Does anyone know of a taskbar that works well with openbox?

There are many taskbar/panels around. Some examples are: fbpanel, pypanel, perlpanel, xfce4-panel (from XFCE), gnome-panel (from GNOME) and kicker (from KDE).

There are many programs listed here that you can use with Openbox, including taskbars and other things.

How do I make things start when I start Openbox?

If you are using a desktop environment - and therefore a session manager - you just need to save your session with the programs running. GNOME and KDE's session managers also both provide a way to run things on startup that aren't a part of the session, see their documentation for details.

If you run Openbox without a desktop environment and session manager, see the autostart guide.

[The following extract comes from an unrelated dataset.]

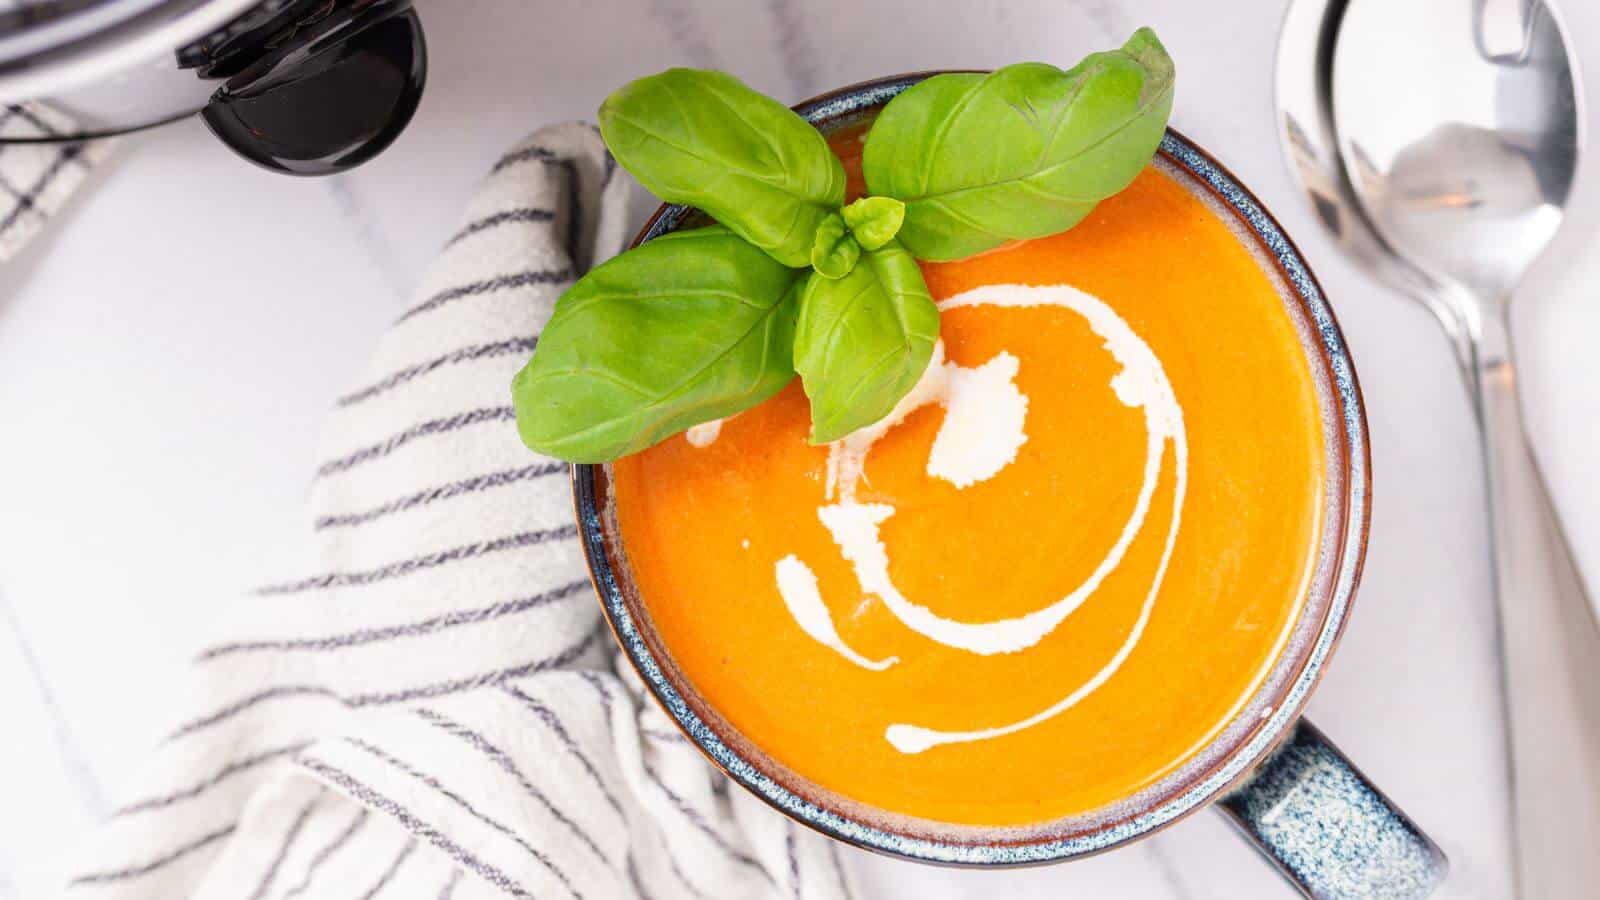 Top view of a bowl of creamy tomato soup garnished with basil, served with a spoon and sunglasses on the side.

How do I run SCIM when I start Openbox?

See the autostart documentation for details on how to do this and an example that launches SCIM.

How do I make my dockapps appear in order when I start Openbox?

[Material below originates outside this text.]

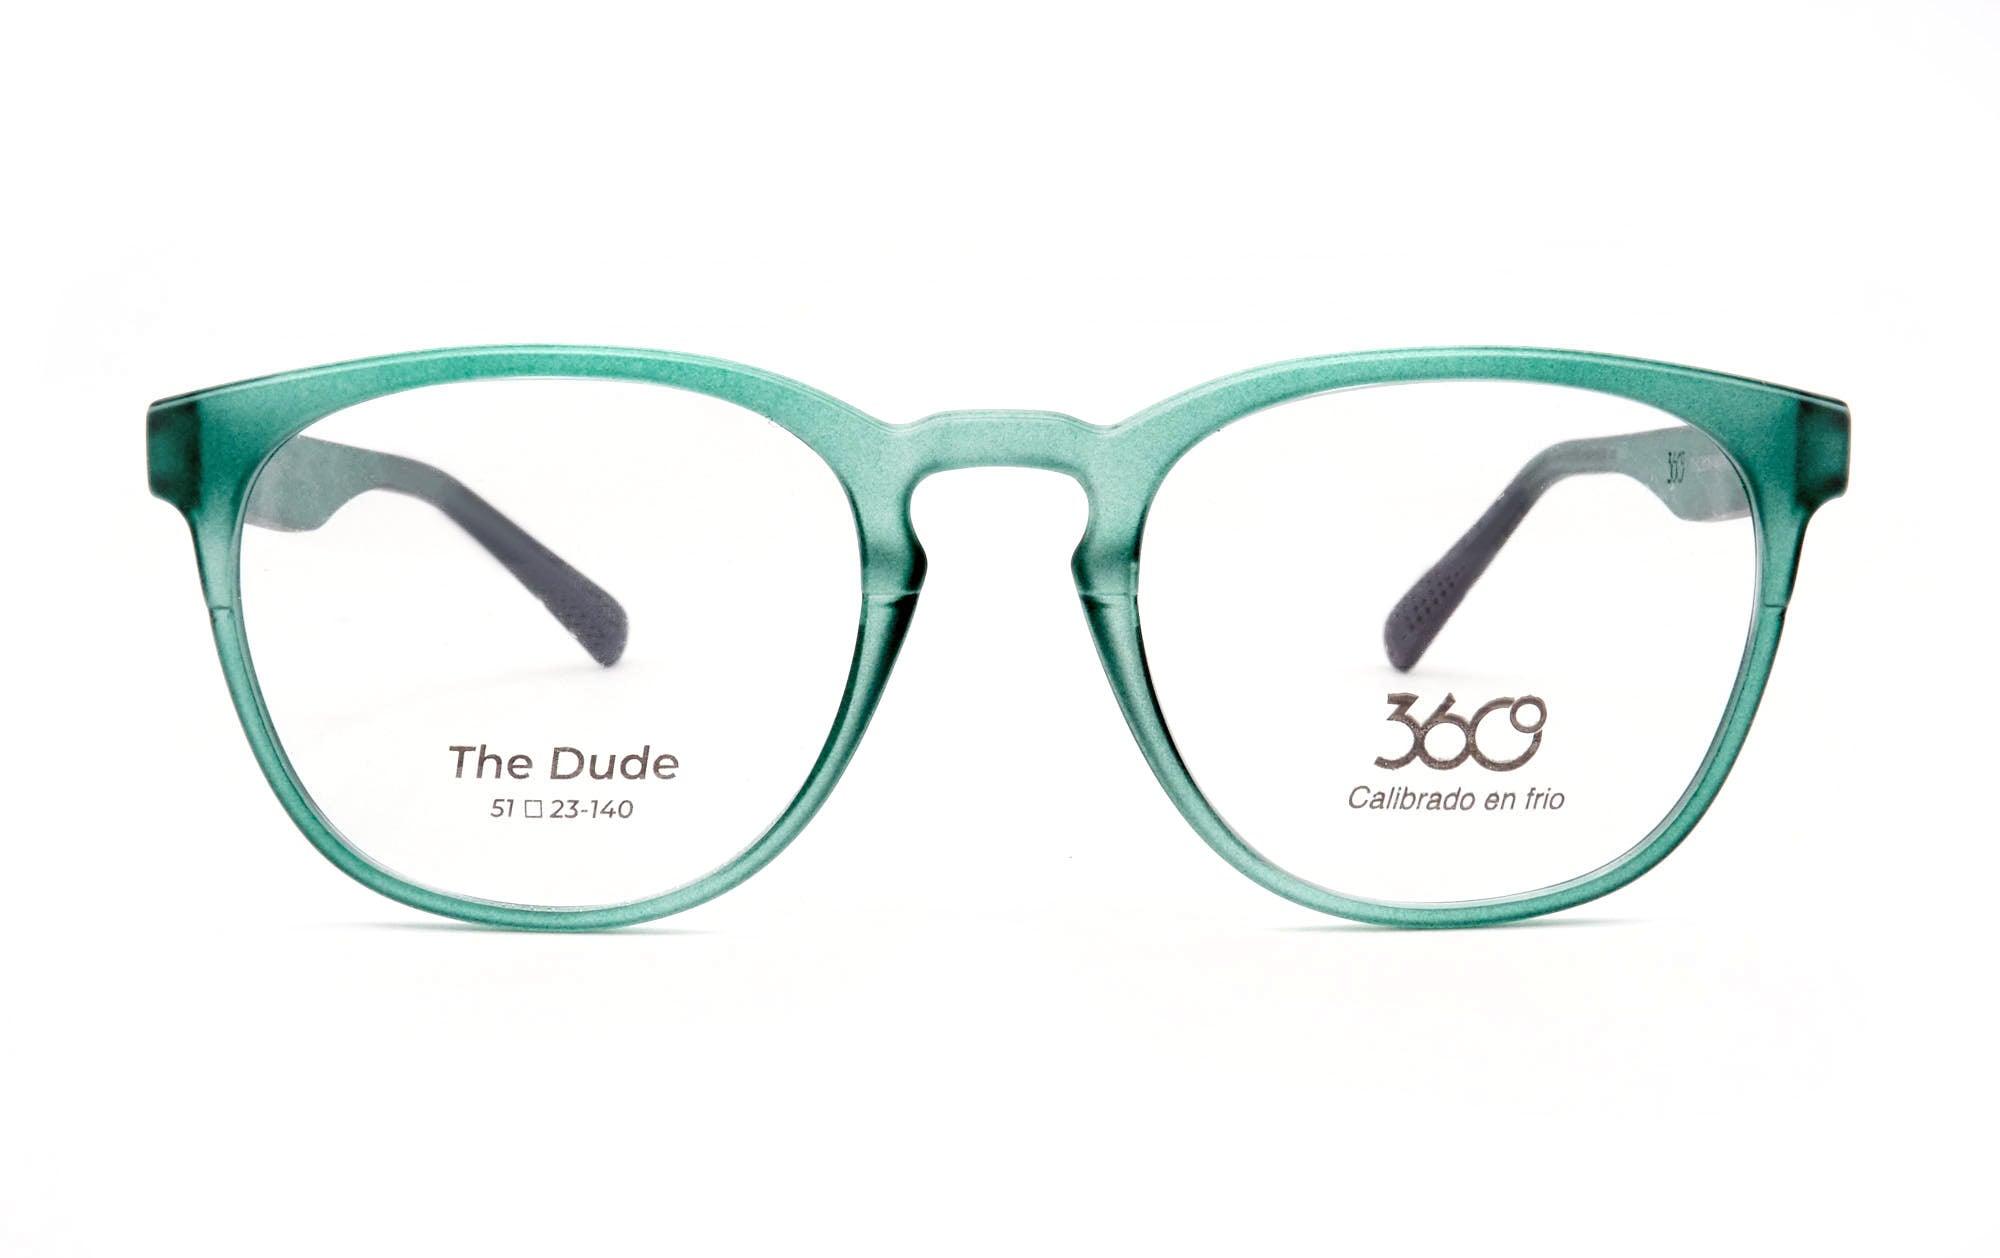 360 the dude 06 - Opticas Lookout

You can use this in your autostart file to launch your dockapps and have them show up in the same order every time:

DELAY=.75
APPS='/home/mwilson/bin/clock \
      /home/mwilson/bin/weather \
      /home/mwilson/bin/grabimage \
      /home/mwilson/bin/awmcpuload \
      /home/mwilson/bin/temp \
      /home/mwilson/bin/net \
      /home/mwilson/bin/i-net0 \
      /home/mwilson/bin/i-net1 \
      wmsysmon \
      wmix'
(for X in $APPS ; do ($X &) ; sleep $DELAY ; done) &

Replace each of the commands in APPS with the dockapps you want to run, and they will appear in the dock in the order they are listed. Take care of having a \ at the end of each line, except for the last line.

I'm using rxvt-unicode or aterm, and transparency is leaving artifacts!

This will work in Openbox 3.4. If you are running an older version or have this problem with another wm, here's what to do: By default these terminals use a transparency mode that only works by chance. They support a more proper one too. If you use aterm you have to give -sh 99 or -sh 101, with urxvt you have to give -tint white (ie in urxvt you can use -sh 100 and the proper mode). If this doesn't use the correct background image you have to use a background setting program that sets the correct hint, for example Hsetroot and Esetroot.

How do I get true 32-bit transparent windows?

True 32-bit transparency is made possible through the Composite extension. You need to have this extension enabled in your Xserver. Use this command in a terminal to make sure it is enabled:

xdpyinfo|grep Composite

It will list "Composite" if it is enabled.

As well, you need to run a composite manager for applications to access the Composite extension. You can use the xcompmgr with a command like this:

xcompmgr -c -t-5 -l-5 -r4.2 -o.55 &

Run it without any arguments if you don't want any extras like drop shadows.

You could put this command in your autostart file to make it run automatically at log in.

Lastly, you need an application which supports it, such as rxvt-unicode:

urxvt -depth 32 -fg white -bg rgba:0000/0000/0000/bbbb

You can use the transset program to give transparency to any window, with a command such as this:

transset 0.8  # then click on the window you want to make transparent

How do I remove the decorations from all my windows?

You can use the per-app settings to remove decorations from all your windows, or any group of them. The per-app settings are in the <applications> section of your ~/.config/openbox/rc.xml (or the system-wide /etc/xdg/openbox/rc.xml).

Here is an example that would remove decorations from all of your windows except Firefox:

<applications>

  <!-- match all windows, and remove their decorations -->
  <application class="*">
    <decor>no</decor>
  </application>

  <!-- but give decorations back to Firefox -->
  <application name="Firefox*">
    <decor>yes</decor>
  </application>

</applications>

There is a more complicated example showing many of the things you can do with per-app settings in the upgrading to 3.4 guide.

Where did my Debian Menu go?

The short answer is: nowhere. If you previously had an official Debian Openbox .deb installed and saw the Debian Menu in the root menu, the files are all still present on your system. Openbox.org .debs don't set them up -- that's done by Debian developers. You can manage it with a few simple steps in these instructions.